Он ответил, возвышая голос:

— Я говорю тебе, бездельник, чтобы ты отвечал мне без всяких уверток: где та девушка, которая провела эту ночь со мной, в моей постели?

Он ответил:

— Клянусь Аллахом, о господин мой, я не видел никакой девушки и никакого юноши! И к тому же никто не мог войти сюда, потому что я спал у самых дверей.

Камар аль-Заман воскликнул:

— Евнух злосчастный! Как ты смеешь спорить со мной и портить мне кровь?! Ага, проклятый! Это они научили тебя хитрить и лгать! Еще раз приказываю тебе: говори мне правду!

Тогда раб поднял руки к небу и воскликнул:

— Один Аллах велик! О господин мой Камар аль-Заман, я решительно не понимаю, о чем ты меня спрашиваешь?

Тогда Камар аль-Заман закричал:

— Подойди сюда, проклятый!

И когда евнух подошел, он схватил его за шиворот, бросил наземь и начал яростно топтать его ногами. И он продолжал топтать и осыпать его ударами, пока не избил до полусмерти; так как евнух испускал какие-то нечленораздельные звуки, то Камар аль-Заман сказал только: «Погоди у меня!» — и побежал за толстой пеньковой веревкой, которая служила для доставки из колодца воды, потом обмотал его этой веревкой поперек тела, завязал крепко-накрепко и потащил к отверстию колодца, куда он и спустил его, погрузив с головой в воду.

А дело было зимой, и вода была пренеприятная, да и снаружи было холодно, поэтому евнух принялся страшно чихать и просил пощады. Но Камар аль-Заман еще несколько раз погрузил его в воду и каждый раз при этом кричал:

— Не выпущу тебя отсюда, пока ты не скажешь мне правду! А не то совсем утоплю тебя!

Тогда евнух подумал: «Наверное, он так и сделает, как говорит», и потом закричал:

— О господин мой Камар аль-Заман, вытащи меня отсюда, и я скажу тебе всю правду!

Тогда принц вытащил его и увидел, что он дрожит, как тростник на ветру, и столько же от холода, сколько и от страха стучит зубами; при этом с одежды его струилась вода, а из носа у него текла кровь, и ужасно он был противен в этом виде.

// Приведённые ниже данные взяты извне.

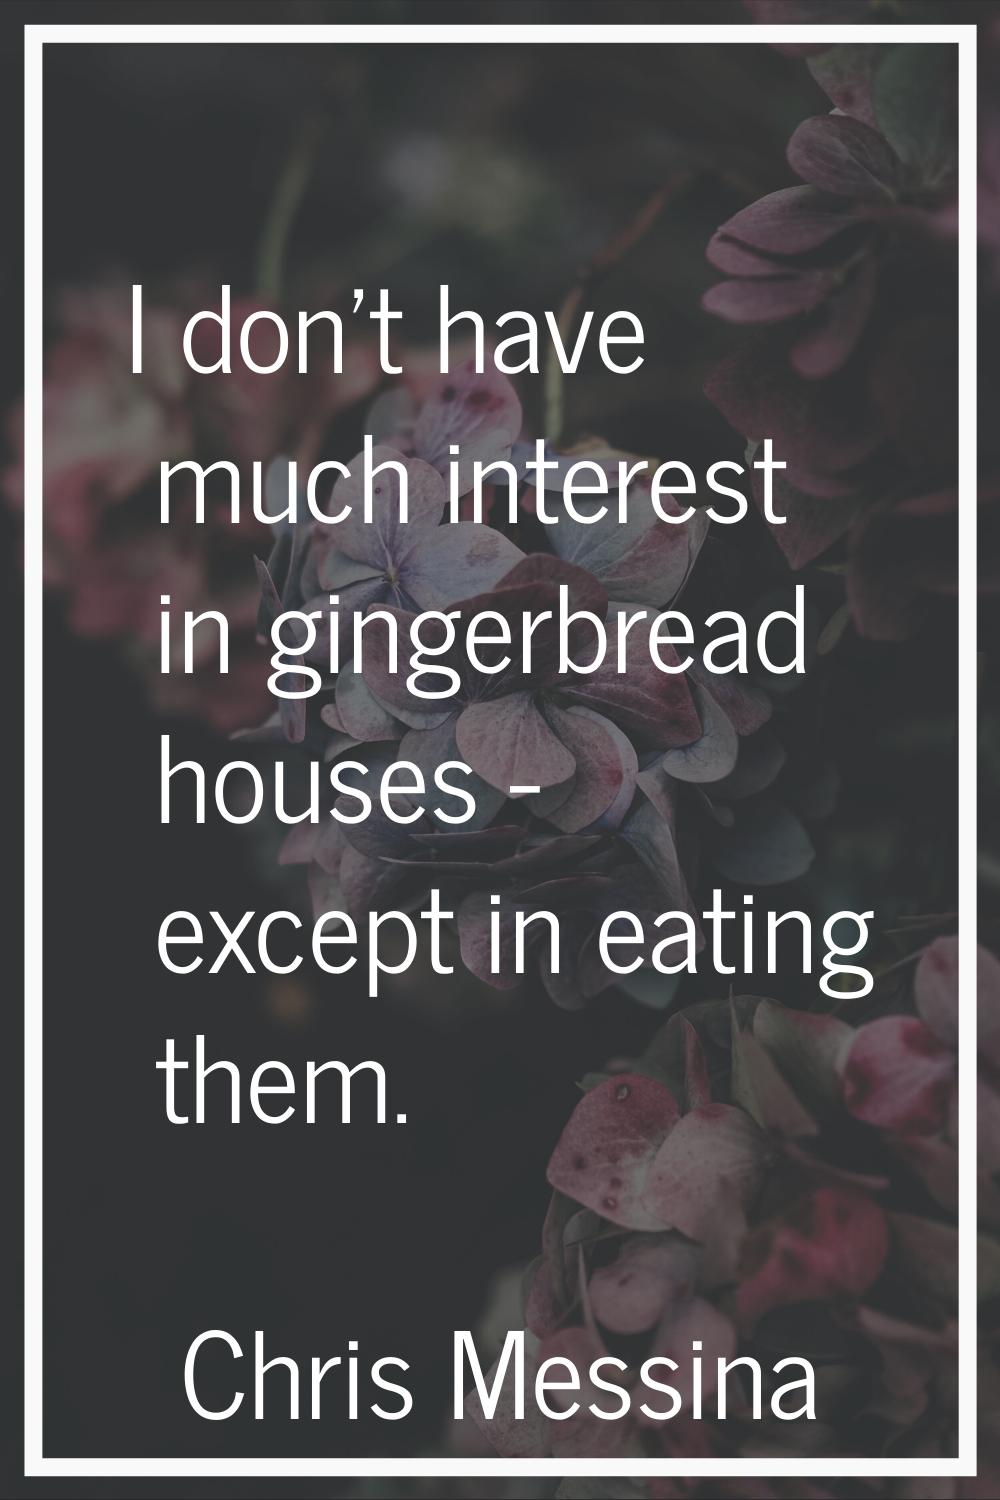 I don't have much interest in gingerbread houses - except in eating them.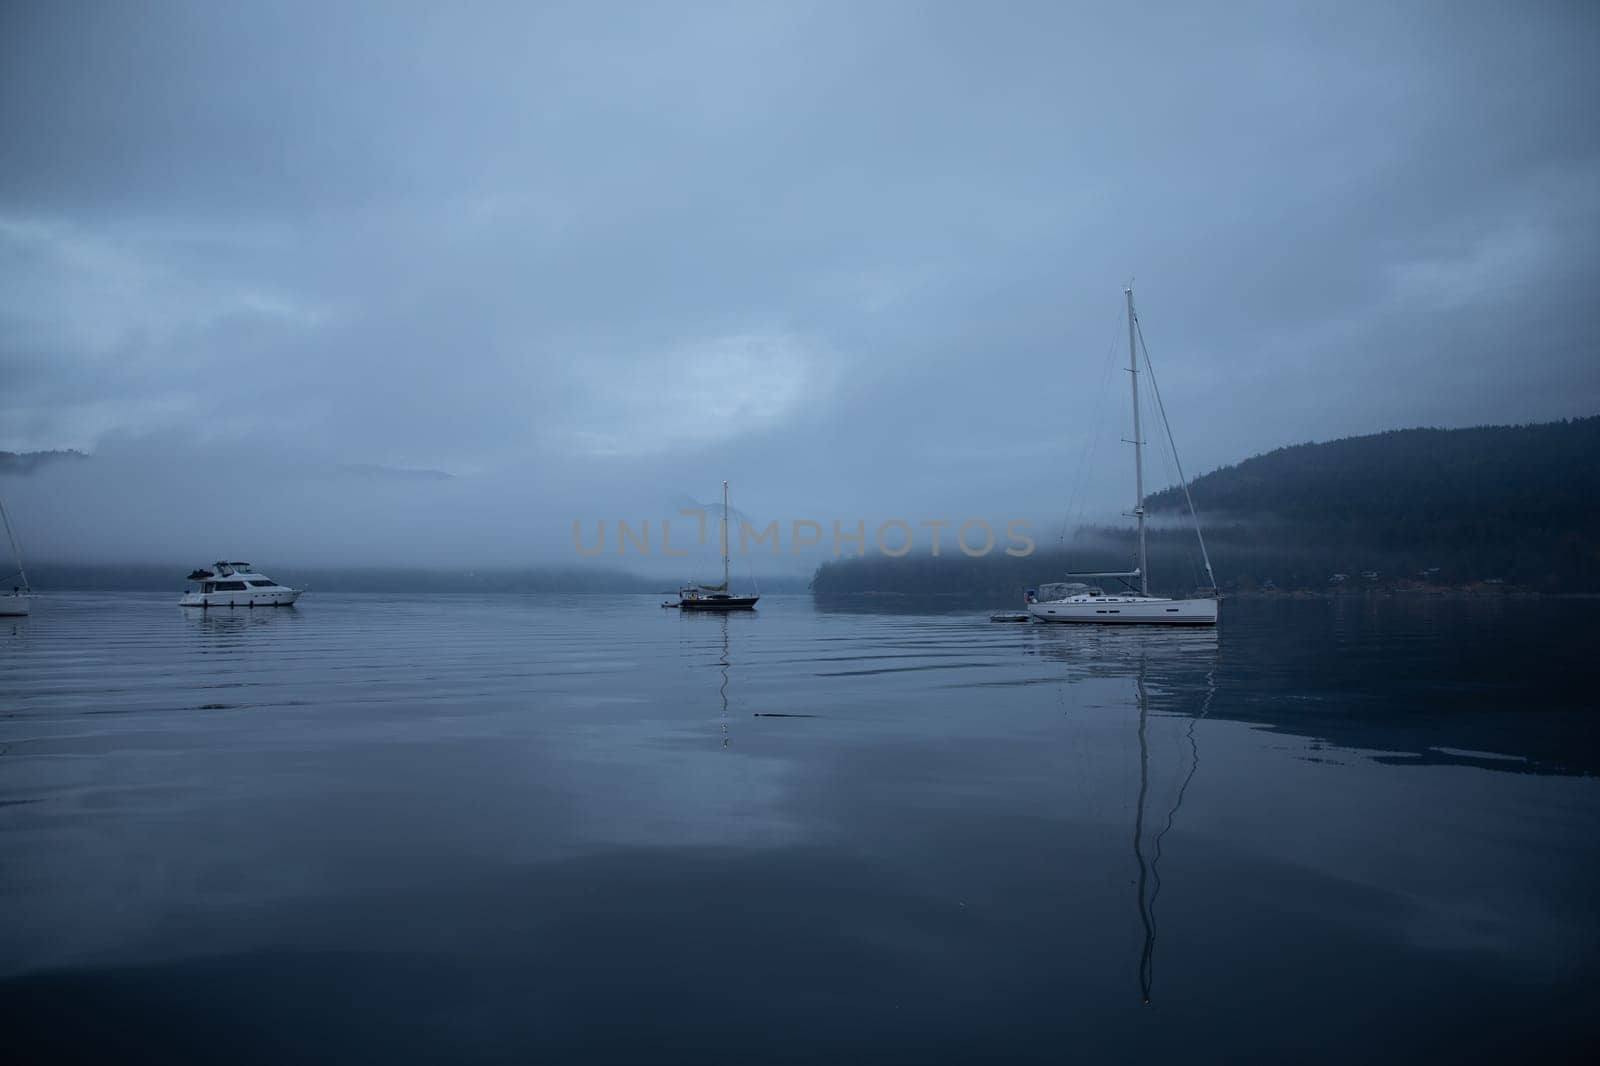 Boats anchored in a cove under dark and moody skies. Winter Cove, British Columbia

Однако, почувствовав себя вне опасности, евнух, не теряя ни минуты, сказал:

— Позволь мне раньше сходить переменить платье и вытереть нос.

И Камар аль-Заман сказал:

— Ну ступай! Только не теряй времени и возвращайся скорее рассказать мне все, что нужно!

А евнух побежал и бросился прямо во дворец к отцу Камара аль-Замана.

Между тем царь Шахраман как раз в эту минуту разговаривал с великим визирем своим и говорил ему:

— О мой визирь, я провел ужасно скверно эту ночь: это сердце мое тревожится о сыне моем Камаре аль-Замане. И я очень боюсь, чтобы с ним не случилось чего-нибудь недоброго в этой старой башне, столь мало приспособленной для житья такого нежного молодого человека, как мой сын!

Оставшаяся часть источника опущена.